Copy out every record below, word for word.

*** Opening of Excerpted data ***

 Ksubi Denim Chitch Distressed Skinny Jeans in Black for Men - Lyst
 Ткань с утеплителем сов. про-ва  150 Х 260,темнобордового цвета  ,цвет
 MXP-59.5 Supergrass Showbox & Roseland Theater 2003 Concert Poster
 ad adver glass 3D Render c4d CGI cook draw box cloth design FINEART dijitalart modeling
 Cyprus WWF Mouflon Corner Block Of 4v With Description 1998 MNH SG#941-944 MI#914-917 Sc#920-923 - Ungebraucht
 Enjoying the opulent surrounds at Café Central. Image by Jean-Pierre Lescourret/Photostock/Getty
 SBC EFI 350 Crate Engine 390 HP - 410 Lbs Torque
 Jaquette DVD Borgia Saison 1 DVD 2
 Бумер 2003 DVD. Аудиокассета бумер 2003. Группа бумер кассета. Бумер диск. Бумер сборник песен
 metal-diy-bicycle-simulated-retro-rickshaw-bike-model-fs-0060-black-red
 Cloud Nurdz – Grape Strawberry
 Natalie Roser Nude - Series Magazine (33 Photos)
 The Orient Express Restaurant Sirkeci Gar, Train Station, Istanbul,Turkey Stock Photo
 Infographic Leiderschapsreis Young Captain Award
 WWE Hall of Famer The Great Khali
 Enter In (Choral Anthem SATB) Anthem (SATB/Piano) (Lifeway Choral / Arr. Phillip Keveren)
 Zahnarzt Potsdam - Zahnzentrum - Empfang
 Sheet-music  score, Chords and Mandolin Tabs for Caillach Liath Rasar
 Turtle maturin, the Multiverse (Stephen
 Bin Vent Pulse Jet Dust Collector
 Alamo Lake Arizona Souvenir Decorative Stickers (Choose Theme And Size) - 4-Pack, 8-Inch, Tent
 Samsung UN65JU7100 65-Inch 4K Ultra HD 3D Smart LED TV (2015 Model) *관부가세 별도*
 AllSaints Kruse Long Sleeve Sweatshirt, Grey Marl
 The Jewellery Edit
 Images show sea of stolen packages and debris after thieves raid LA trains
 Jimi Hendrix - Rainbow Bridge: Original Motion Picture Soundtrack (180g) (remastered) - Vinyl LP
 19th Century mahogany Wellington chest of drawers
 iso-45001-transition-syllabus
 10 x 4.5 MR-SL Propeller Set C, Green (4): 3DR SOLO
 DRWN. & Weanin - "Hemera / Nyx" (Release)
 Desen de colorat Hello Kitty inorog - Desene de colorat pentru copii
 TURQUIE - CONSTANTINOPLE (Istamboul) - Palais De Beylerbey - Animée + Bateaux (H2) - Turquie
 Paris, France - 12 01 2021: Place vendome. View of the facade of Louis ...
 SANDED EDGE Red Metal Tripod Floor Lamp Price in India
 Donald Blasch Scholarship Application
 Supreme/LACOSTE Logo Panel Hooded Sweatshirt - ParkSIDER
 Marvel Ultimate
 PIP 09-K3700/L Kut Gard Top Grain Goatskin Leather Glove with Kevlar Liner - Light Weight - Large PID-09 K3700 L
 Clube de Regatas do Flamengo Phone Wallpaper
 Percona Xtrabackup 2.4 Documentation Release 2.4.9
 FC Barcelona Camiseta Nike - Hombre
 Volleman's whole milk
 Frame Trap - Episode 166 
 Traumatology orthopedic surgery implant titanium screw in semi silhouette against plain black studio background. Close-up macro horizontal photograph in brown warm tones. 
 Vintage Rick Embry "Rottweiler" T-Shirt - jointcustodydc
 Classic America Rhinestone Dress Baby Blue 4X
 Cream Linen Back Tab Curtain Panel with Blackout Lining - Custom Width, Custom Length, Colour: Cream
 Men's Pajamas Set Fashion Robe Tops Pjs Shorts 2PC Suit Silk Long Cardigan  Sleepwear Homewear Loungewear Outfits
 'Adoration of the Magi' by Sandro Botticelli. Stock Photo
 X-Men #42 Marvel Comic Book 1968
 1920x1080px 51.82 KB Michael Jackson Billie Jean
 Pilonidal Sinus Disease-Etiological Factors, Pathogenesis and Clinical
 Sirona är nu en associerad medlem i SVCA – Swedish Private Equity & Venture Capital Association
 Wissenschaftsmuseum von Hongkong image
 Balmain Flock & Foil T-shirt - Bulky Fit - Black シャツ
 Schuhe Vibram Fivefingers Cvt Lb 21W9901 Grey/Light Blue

*** Close of Excerpted data ***

* **Response to this task**:
 Ksubi Denim Chitch Distressed Skinny Jeans in Black for Men - Lyst
 Ткань с утеплителем сов. про-ва  150 Х 260,темнобордового цвета  ,цвет
 MXP-59.5 Supergrass Showbox & Roseland Theater 2003 Concert Poster
 ad adver glass 3D Render c4d CGI cook draw box cloth design FINEART dijitalart modeling
 Cyprus WWF Mouflon Corner Block Of 4v With Description 1998 MNH SG#941-944 MI#914-917 Sc#920-923 - Ungebraucht
 Enjoying the opulent surrounds at Café Central. Image by Jean-Pierre Lescourret/Photostock/Getty
 SBC EFI 350 Crate Engine 390 HP - 410 Lbs Torque
 Jaquette DVD Borgia Saison 1 DVD 2
 Бумер 2003 DVD. Аудиокассета бумер 2003. Группа бумер кассета. Бумер диск. Бумер сборник песен
 metal-diy-bicycle-simulated-retro-rickshaw-bike-model-fs-0060-black-red
 Cloud Nurdz – Grape Strawberry
 Natalie Roser Nude - Series Magazine (33 Photos)
 The Orient Express Restaurant Sirkeci Gar, Train Station, Istanbul,Turkey Stock Photo
 Infographic Leiderschapsreis Young Captain Award
 WWE Hall of Famer The Great Khali
 Enter In (Choral Anthem SATB) Anthem (SATB/Piano) (Lifeway Choral / Arr. Phillip Keveren)
 Zahnarzt Potsdam - Zahnzentrum - Empfang
 Sheet-music  score, Chords and Mandolin Tabs for Caillach Liath Rasar
 Turtle maturin, the Multiverse (Stephen
 Bin Vent Pulse Jet Dust Collector
 Alamo Lake Arizona Souvenir Decorative Stickers (Choose Theme And Size) - 4-Pack, 8-Inch, Tent
 Samsung UN65JU7100 65-Inch 4K Ultra HD 3D Smart LED TV (2015 Model) *관부가세 별도*
 AllSaints Kruse Long Sleeve Sweatshirt, Grey Marl
 The Jewellery Edit
 Images show sea of stolen packages and debris after thieves raid LA trains
 Jimi Hendrix - Rainbow Bridge: Original Motion Picture Soundtrack (180g) (remastered) - Vinyl LP
 19th Century mahogany Wellington chest of drawers
 iso-45001-transition-syllabus
 10 x 4.5 MR-SL Propeller Set C, Green (4): 3DR SOLO
 DRWN. & Weanin - "Hemera / Nyx" (Release)
 Desen de colorat Hello Kitty inorog - Desene de colorat pentru copii
 TURQUIE - CONSTANTINOPLE (Istamboul) - Palais De Beylerbey - Animée + Bateaux (H2) - Turquie
 Paris, France - 12 01 2021: Place vendome. View of the facade of Louis ...
 SANDED EDGE Red Metal Tripod Floor Lamp Price in India
 Donald Blasch Scholarship Application
 Supreme/LACOSTE Logo Panel Hooded Sweatshirt - ParkSIDER
 Marvel Ultimate
 PIP 09-K3700/L Kut Gard Top Grain Goatskin Leather Glove with Kevlar Liner - Light Weight - Large PID-09 K3700 L
 Clube de Regatas do Flamengo Phone Wallpaper
 Percona Xtrabackup 2.4 Documentation Release 2.4.9
 FC Barcelona Camiseta Nike - Hombre
 Volleman's whole milk
 Frame Trap - Episode 166 
 Traumatology orthopedic surgery implant titanium screw in semi silhouette against plain black studio background. Close-up macro horizontal photograph in brown warm tones. 
 Vintage Rick Embry "Rottweiler" T-Shirt - jointcustodydc
 Classic America Rhinestone Dress Baby Blue 4X
 Cream Linen Back Tab Curtain Panel with Blackout Lining - Custom Width, Custom Length, Colour: Cream
 Men's Pajamas Set Fashion Robe Tops Pjs Shorts 2PC Suit Silk Long Cardigan  Sleepwear Homewear Loungewear Outfits
 'Adoration of the Magi' by Sandro Botticelli. Stock Photo
 X-Men #42 Marvel Comic Book 1968
 1920x1080px 51.82 KB Michael Jackson Billie Jean
 Pilonidal Sinus Disease-Etiological Factors, Pathogenesis and Clinical
 Sirona är nu en associerad medlem i SVCA – Swedish Private Equity & Venture Capital Association
 Wissenschaftsmuseum von Hongkong image
 Balmain Flock & Foil T-shirt - Bulky Fit - Black シャツ
 Schuhe Vibram Fivefingers Cvt Lb 21W9901 Grey/Light Blue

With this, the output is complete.